I have two sons. Big on gaming, youngest plays for his uni in esports. So it has never stopped. How I dealt with it. After school there is a schedule, get changed, get food and a drink and a chat about your day, specifically what did you study in each subject, this can also spark conversations about it too. At a set time they start their homework and I was there to guide, suggest, whatever. At a certain time they were allowed tech but only if they gave their homework their best. Then family dinner again a set time so they knew the latest they could start a game that was timed. After dinner some family tv together and off again to game etc. Before school was watching the news and us talking about what was going on in the world in the kitchen whilst we ate breakfast.

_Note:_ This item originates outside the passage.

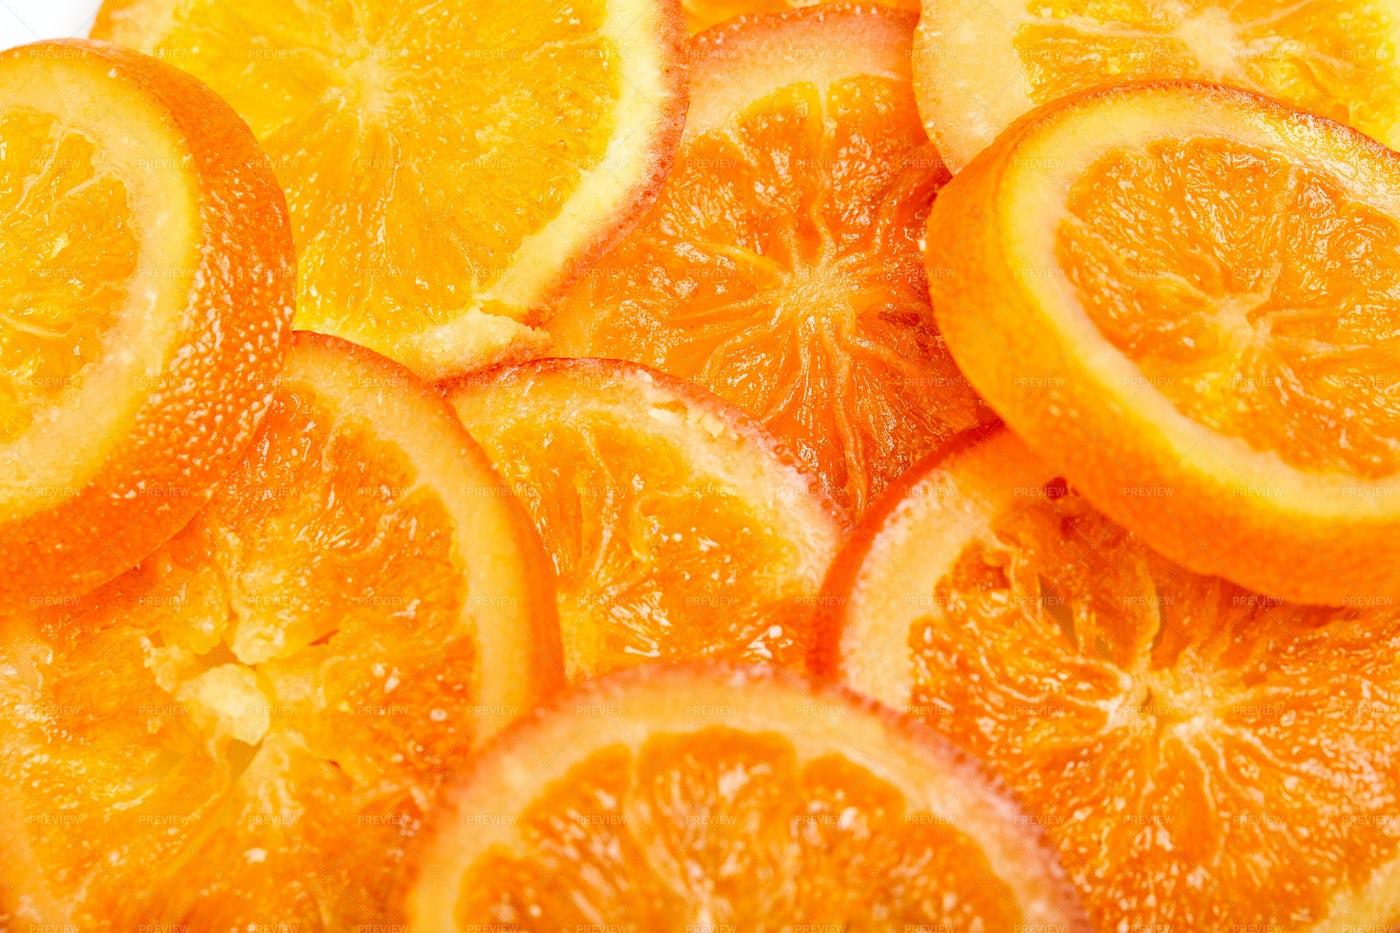 Collection Of Orange Slices: Stock Photos
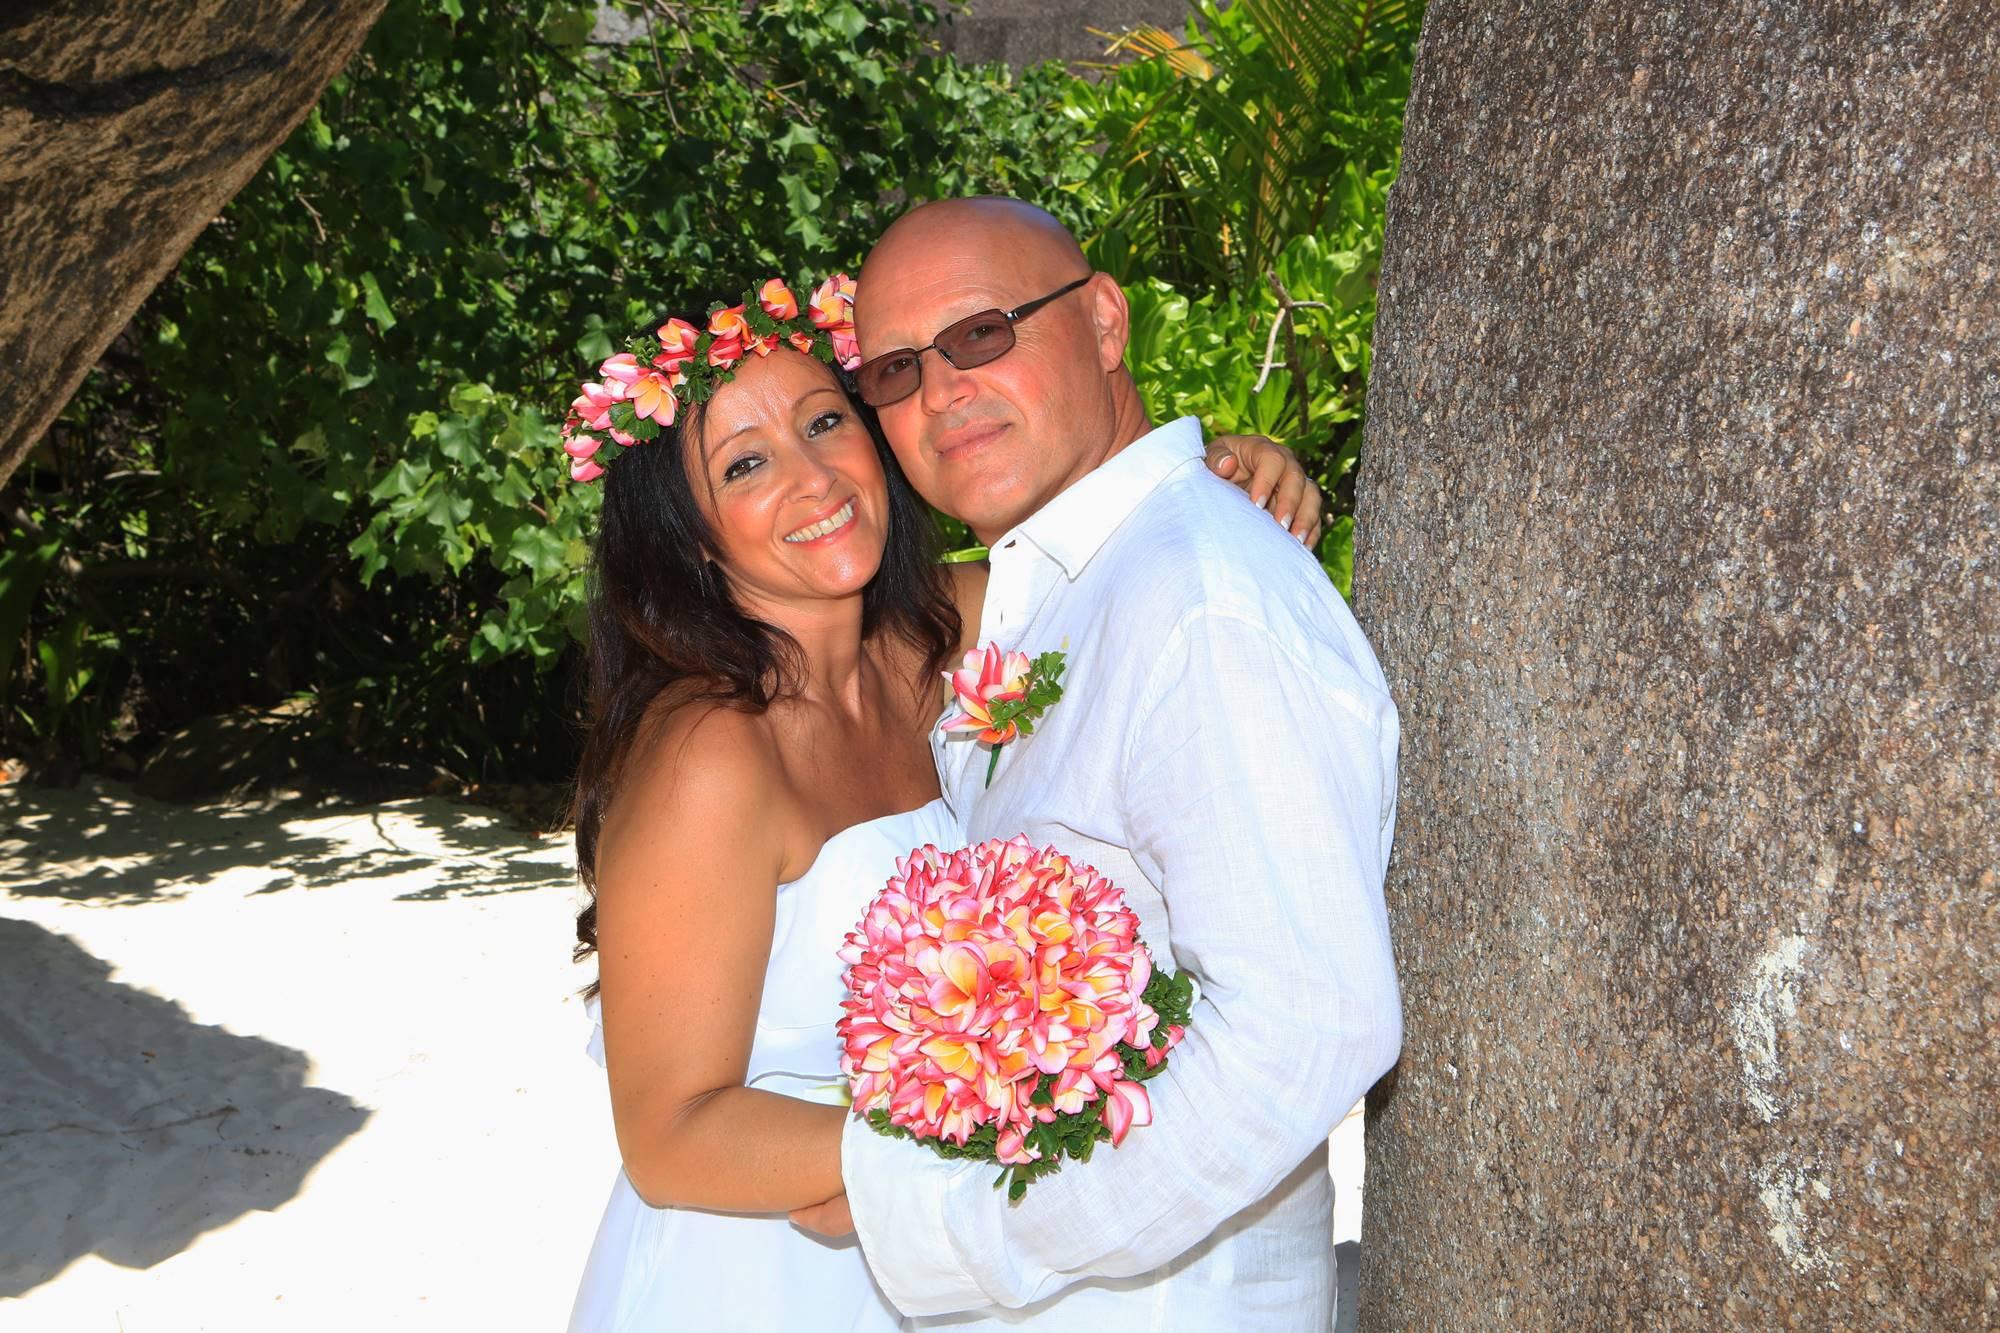 Matrimonio Simbolico Alle Seychelles : Foto matrimonio alle seychelles di rosa e maurizio

I do agree that Fortnite was a particular trigger for bad behaviour. But we talked about it, like they were adults. You tell him what you observe, I can see that Fortnite makes you feel frustrated, what do you think you can do about that? What can I help you with? Let him figure it out.
Also tell him you understand that it is hard to stop the game even more so if it is open ended like Minecraft, there is no end of game. Ask him to come up with a screen time schedule that he thinks is fair and corresponds with his mates playing too. Then look over it, see what he is suggesting. For mine they did chores too, dishwasher in the morning and emptying bins, plus stripping their beds etc. All this behaviour facilitated them choosing what they wanted to do with their free time, which of course is being online.
We had sit down talks at the table for anyone including parents to air their grievances in a positive manner so instead of I hate it when this happens, more I would like it if that happens instead, name the behaviour you want to see. The children felt empowered to ask for table talk and request later bedtimes, or a phone upgrade, whatever. It worked for us.